Chapter 1 · The robot learning problem

§1.2 Anatomy of an action model: inputs, outputs, training signal

Drafted May 13, 2026 · ~2,000 target words · Prereqs: §1.1 (the four reasons action is hard)

0:00/12:49

AI-narrated by Kokoro

Section 1.1 argued that turning intent into motion is structurally hard and named four reasons. This section gets concrete. We will take a modern action model apart and label its components, in language that the rest of the book will use. By the end of the section you should be able to look at any paper in the field — RT-1, OpenVLA, π0, Helix, GR00T N1, the next one published the week after you read this — and identify the three slots that define it: what goes in, what comes out, and what training signal told it the difference.

Three slots, in that order. They look simple. Most of the design space of the field lives in the choices you make at each one.

Slot 1 — Inputs: what the policy is allowed to look at

An action model takes some observation of the world and produces something the robot can do with it. The first design choice is what counts as “observation.”

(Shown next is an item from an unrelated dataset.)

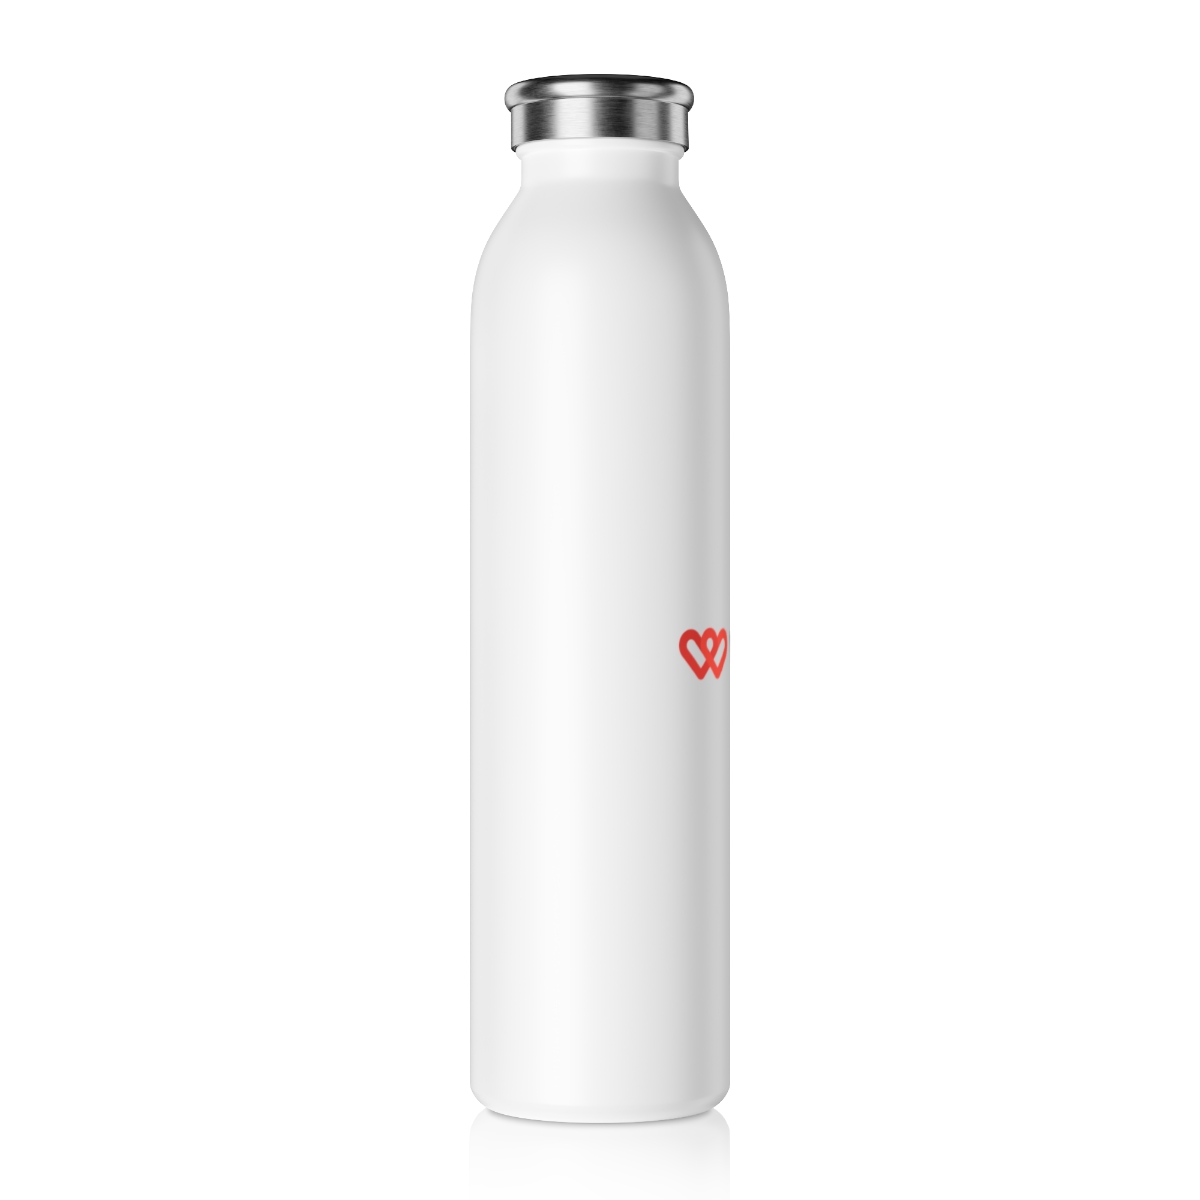 Slim Water Bottle product thumbnail image

The minimum is one RGB camera and a clock. Most modern systems use more. The typical input bundle for a manipulation VLA is:

One or more RGB images, usually from cameras mounted on the robot (a wrist-mounted camera that sees the gripper, and a stationary “agentview” camera that sees the scene). Image resolution is typically 224×224 or 256×256 after preprocessing — small enough that a pretrained vision encoder can process it in milliseconds, large enough that table-scale geometry is visible.
A natural-language instruction, usually a short imperative sentence: “pick up the red block,” “open the drawer,” “stack the cups.” The instruction is optional in classical control and central in foundation-model-based approaches.
Proprioception — the robot’s own measurements of its joint angles, joint velocities, end-effector pose, and gripper width. This is the cheap data and it is always available; surprisingly, modern VLAs use less of it than you might expect, because they were designed for cross-embodiment generalization and proprioception schemas differ between robots.
A short history of recent observations and actions. Some policies condition on the last image; some on the last k images; some on a sliding window of the full observation-action trajectory. Long context is more expressive, short context is faster, and the choice interacts with the closed-loop / open-loop problem we will return to in Chapter 6.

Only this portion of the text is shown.